High temperature microcalorimetric studies of the thermal decomposition and iodination of polynuclear carbonyls of Fe, Co, Ru, Rh, Re, Os and Ir

Abstract

From measurements of the enthalpies of thermal decomposition (and also in some cases of the enthalpies of reaction with iodine vapour) at elevated temperatures, the standard enthalpies of formation, ΔH^°_f, at 298 K of the following crystalline metal carbonyls have been obtained (in kJ mol^–1): Fe₂(CO)₉=–1410±12; Fe₃(CO)₁₂=–1849±16; Co₂(CO)₈=–1209±8; Co₄(CO)₁₂=–1845±16; Ru₃(CO)₁₂=–1920±20; Rh₄(CO)₁₂=–(1820±12); Rh₆(CO)₁₆=–(2029); Re₂(CO)₁₀=–1653±20; Os₃(CO)₁₂=–(1749±20); Ir₄(CO)₁₂=–1820±16, Estimates of the unknown values ΔH_sub(298 K) for the crystalline compounds have been used to derive the values ΔH^°_f(g); the latter were converted into ΔH values for the total enthalpies of disruption of the gaseous carbonyls into metal atoms and CO gaseous molecules.
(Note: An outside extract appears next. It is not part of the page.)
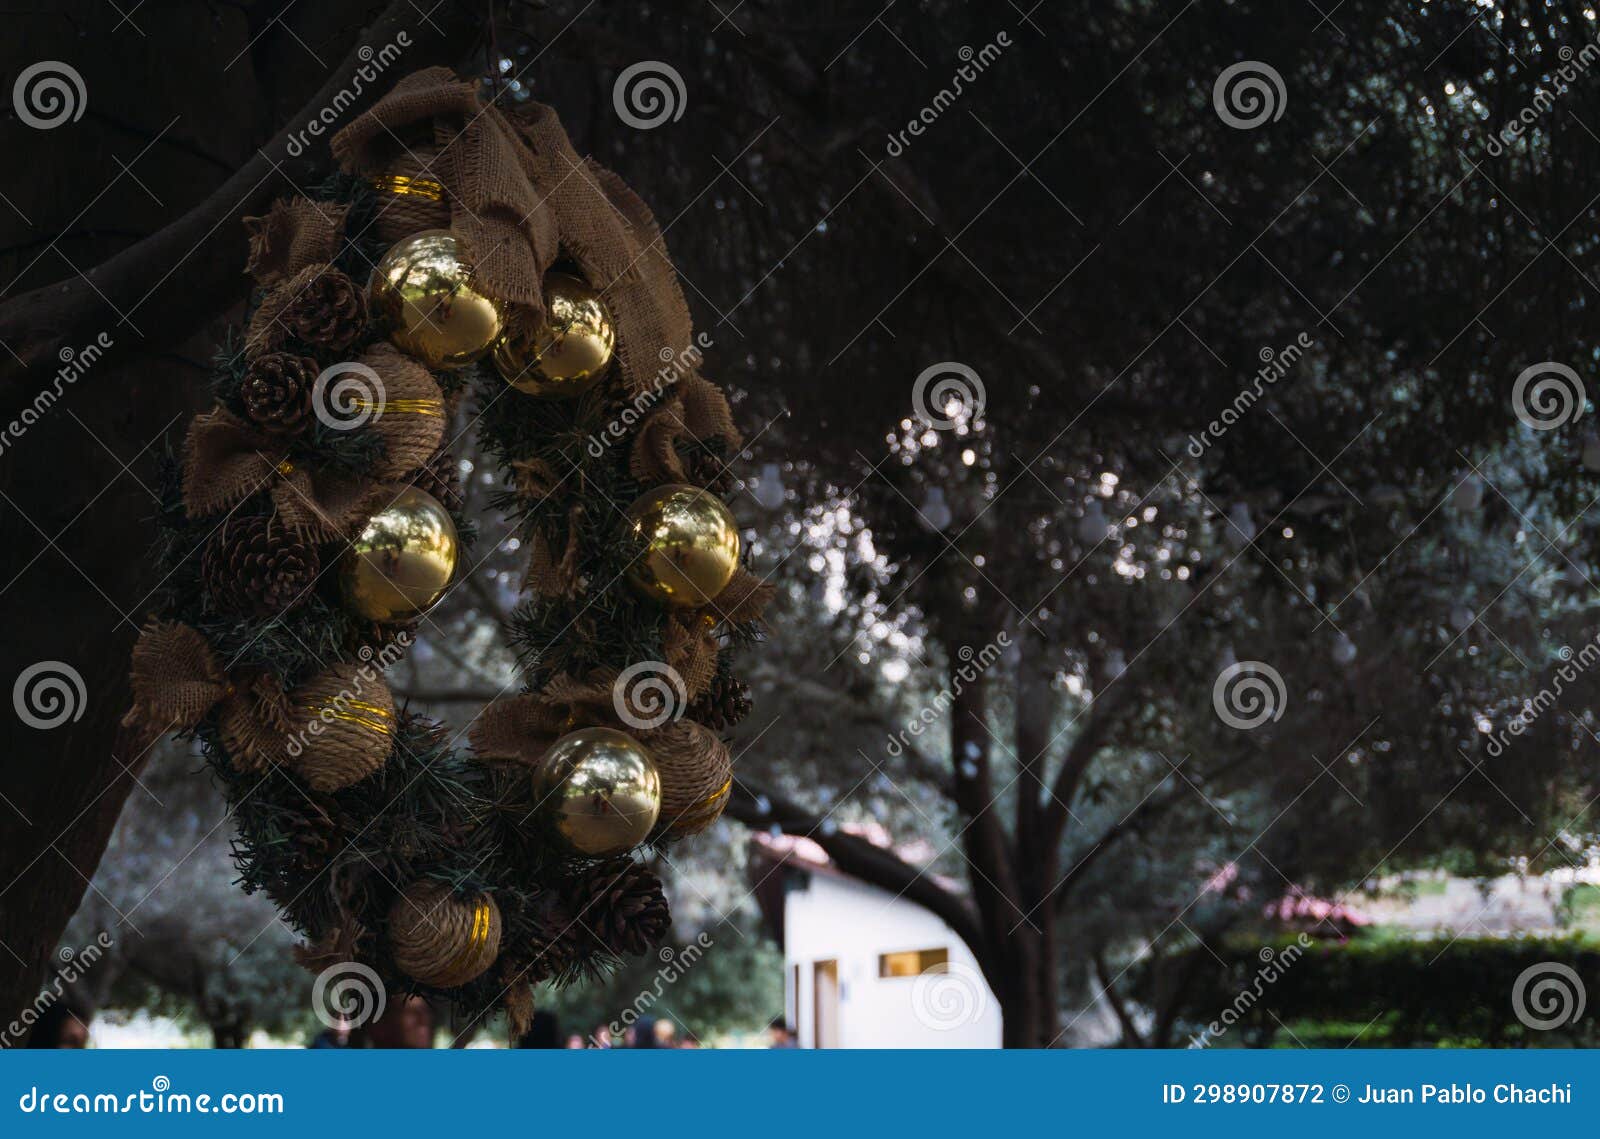 christmas wreath hanging from trees

These ΔH values have in turn been reduced to individual enthalpy contributions from the various metal-carbonyl and metal-metal bonds in the molecule. Terminal metal-carbonyl bond enthalpies increase both with atomic number, and with enthalpy of atomization of the metal. The enthalpy contribution from a metal-carbon bond in a bridging M—CO—M is of the order one half of the corresponding terminal M—CO linkage. The bond enthalpy contribution from M—M in the polynuclear carbonyls of Fe and Co is found to be approximately 2/3 of that from the M—CO terminal bonds.